Grèce: les raisons d'une mobilisation sans précédent - «Aganaktismeni»

La contestation contre les plans du gouvernement rejette toute affiliation politique.
Photo: Agence Reuters Yiorgos Karahalis La contestation contre les plans du gouvernement rejette toute affiliation politique.

«Aganaktismeni». Comprendre, au regard de la mobilisation espagnole, «les indignés». Mais avec une nuance: en grec, le mot signifie d'abord «en colère». «Aganaktismeni», ce sont ces Grecs révoltés qui, au-delà de la grève de 48 heures lancée mardi à l'appel des syndicats, se rassemblent en nombre depuis quelques semaines en dehors des structures syndicales et politiques traditionnelles.

«C'est un mouvement spontané», constate Lila Leontidou, professeure de géographie à l'Université ouverte hellénique. Tout en manifestant, la chercheuse observe cet élan qui prend forme sur Internet par l'entremise des réseaux sociaux. Comme celui des «indignés» espagnols. Cependant, Stathis Kouvelakis préfère écarter cette expression, trop galvaudée, pour évoquer un «mouvement des places». Car, selon ce professeur de philosophie politique au King's College à Londres, la comparaison avec le cas espagnol est trompeuse. Il oppose ainsi le mouvement de la Puerta del Sol, à Madrid, essentiellement constitué de jeunes, à la contestation grecque «transversale, composée de couches populaires mais aussi de classes moyennes affectées [par la crise]».

Le mouvement grec se révèle en effet très hétérogène: on distingue d'une part un noyau dur qui s'organise en assemblée générale «fondée sur le principe de la démocratie directe et dont la majorité est composée de militants de la gauche alternative» et, d'autre part, des Grecs «qui n'ont jamais participé à une manifestation, relève Stathis Kouvelakis. C'est presque une photographie de la société du pays.»

Si le noyau dur du «mouvement des places» cherche à s'organiser, la contestation rejette toute affiliation politique. L'image des manifestants protestant devant le Parlement est d'ailleurs symbolique pour Stathis Kouvelakis: «C'est le système politique contre le peuple. Il y a une rupture de légitimité profonde.» Analyse partagée par George Sefertzis, politologue grec interviewé par L'Express: «Les 'indignés' [grecs] manifestent contre la classe politique dans son ensemble.»

Réformes pour les banques

Anna Theodorides, une doctorante à l'École des hautes études en sciences sociales, à Paris, a pris part aux manifestations en Grèce des «aganaktismeni», le 15 juin dernier. Cette Franco-Grecque dénonce un «État clientéliste, familial, oligarchique». «Il n'est pas représentatif, il est corrompu jusqu'à la moelle [...]. Les Grecs sont fatigués», renchérit la chercheuse. C'est «l'injustice» du plan de rigueur que les manifestants dénoncent, résume Lila Leontidou: «Ce sont ceux qui ne sont pas responsables de la crise qui en portent le fardeau.»
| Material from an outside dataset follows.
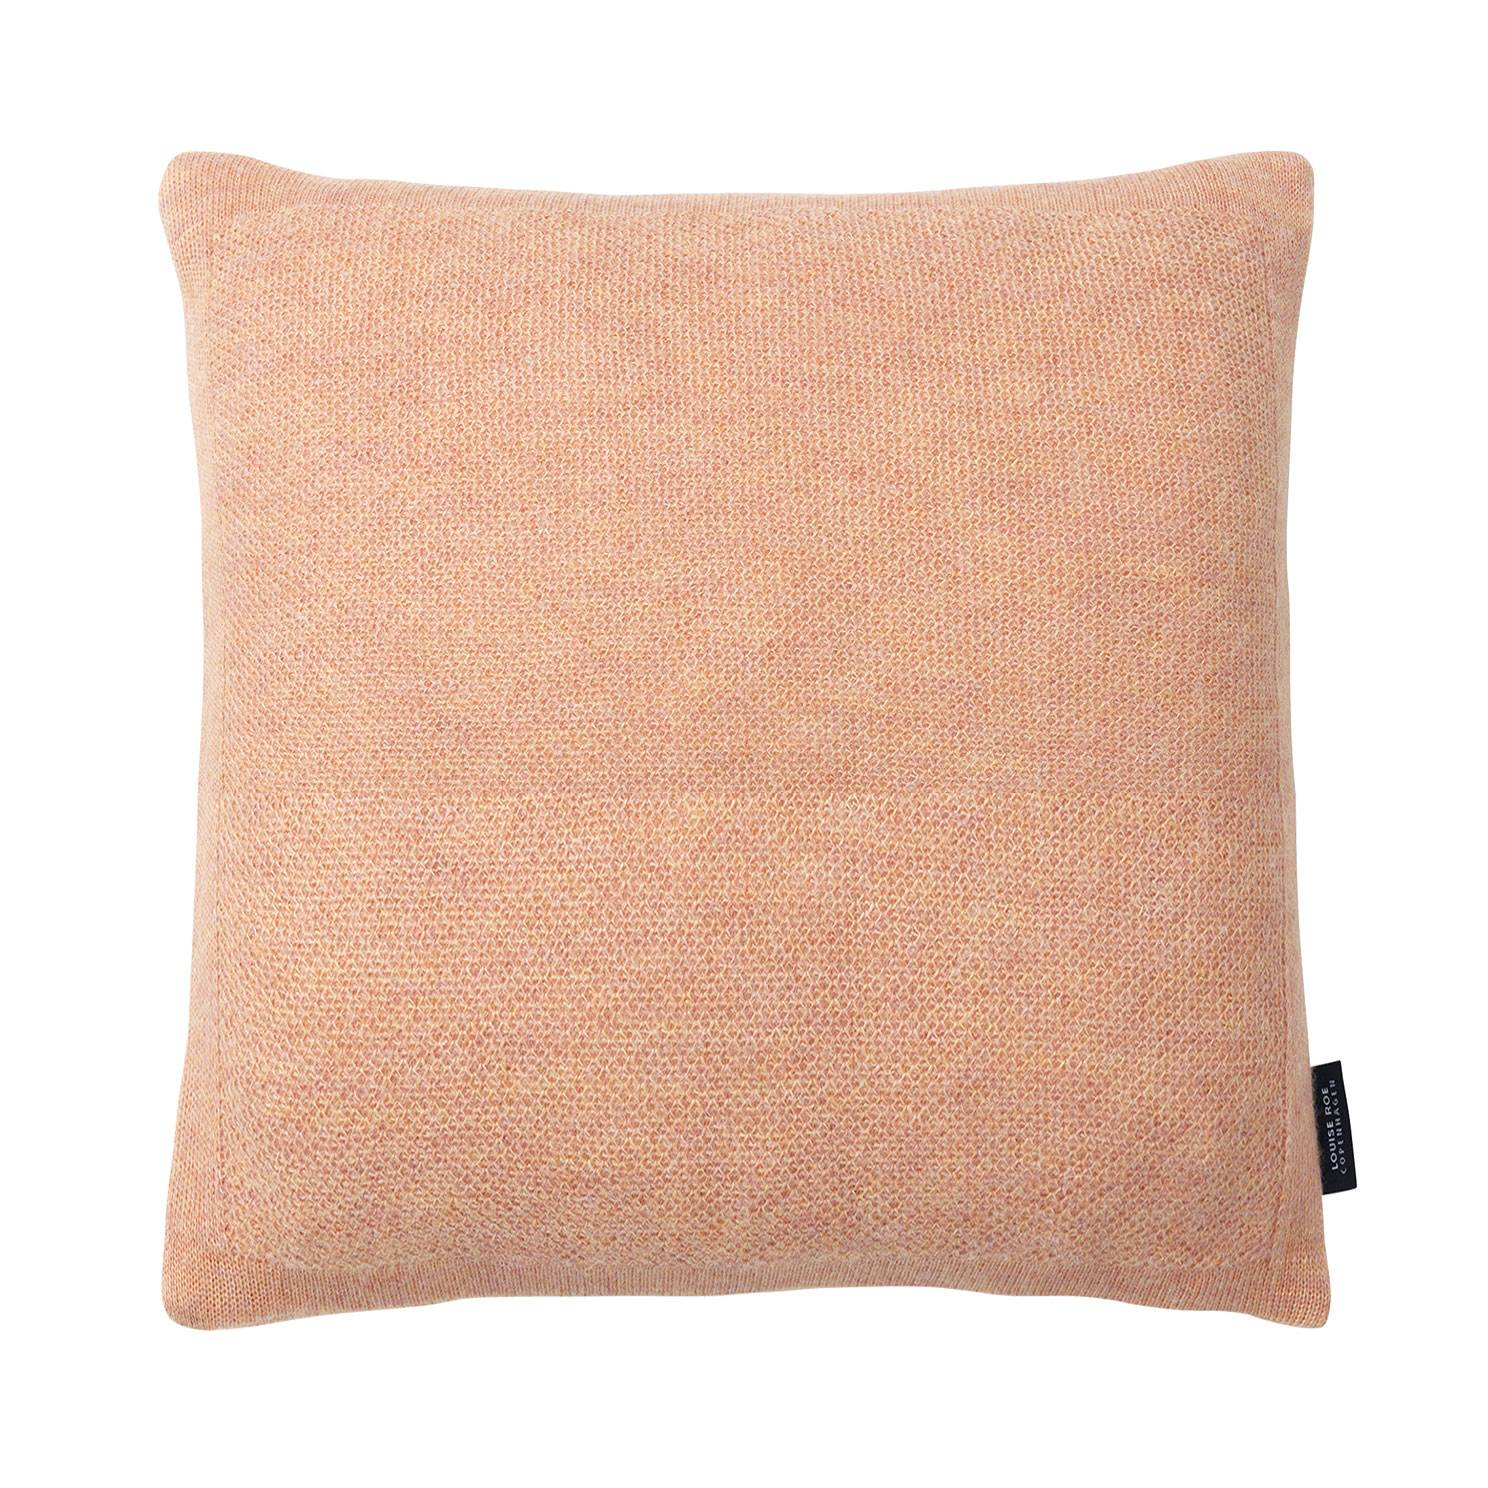 Louise Roe Tyyny Pique 50x50cm, Pearl Peach
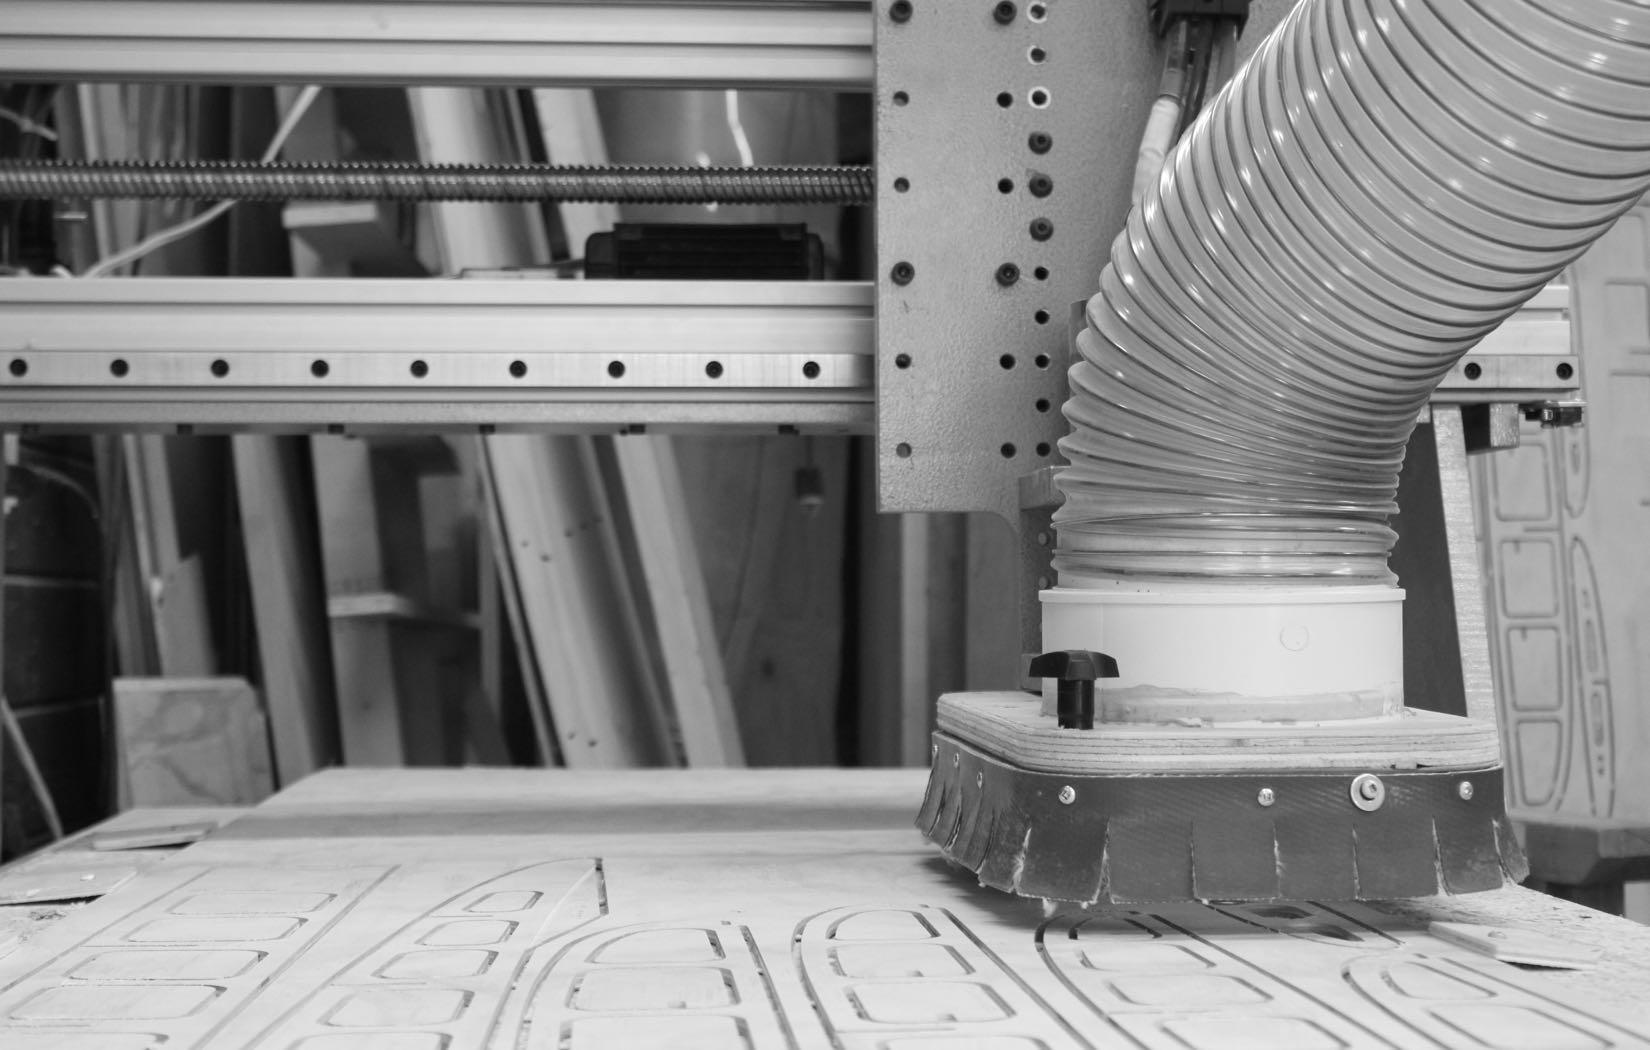 Fishbone Kits - CNC Machine 1650x1050

Pire, les manifestants «ont le sentiment que le premier mémorandum a aggravé la crise», commente Stathis Kouvelakis. En mai 2010, la Grèce avait voté une série de mesures d'austérité draconiennes, avec notamment une réforme des retraites et une baisse des salaires des fonctionnaires. La peur du déclassement et de la paupérisation de la classe moyenne a poussé Amaryllis Logothaki à rejoindre la place Syntagma, à Athènes, mardi. Cette traductrice et professeure de turc affirme «devoir travailler beaucoup plus qu'auparavant». Elle a fait le calcul: «Une minute de série télévisée traduite [du grec vers le turc], c'est un euro. Or, il faut une heure de traduction pour dix minutes de vidéo.» Elle estime qu'il y a quatre ou cinq ans, les prix s'élevaient à peu près au double. La jeune femme réduira donc son mois de vacances habituel à «une petite semaine» cette année. «Ce sont des réformes qui protègent les gens et les entreprises qui ont prêté de l'argent aux Grecs. [Ces réformes] sont pour les banques mais personne ne pense au peuple», estime Amaryllis Logothaki.

La crainte d'une tutelle

Dans un climat eurosceptique, les manifestants s'inquiètent également des privatisations annoncées par le gouvernement et redoutent une «mise sous tutelle» du pays. Eau, électricité, terrains, «tout ça va être vendu. Mais à qui?», s'interroge Lila Leontidou.

À l'image de leur mouvement hétérogène, les «aganaktismeni» proposent des solutions diverses. L'universitaire évoque le besoin de repenser la dette grecque; la majorité demande «le départ du gouvernement» et davantage de taxation des riches, note Stathis Kouvelakis.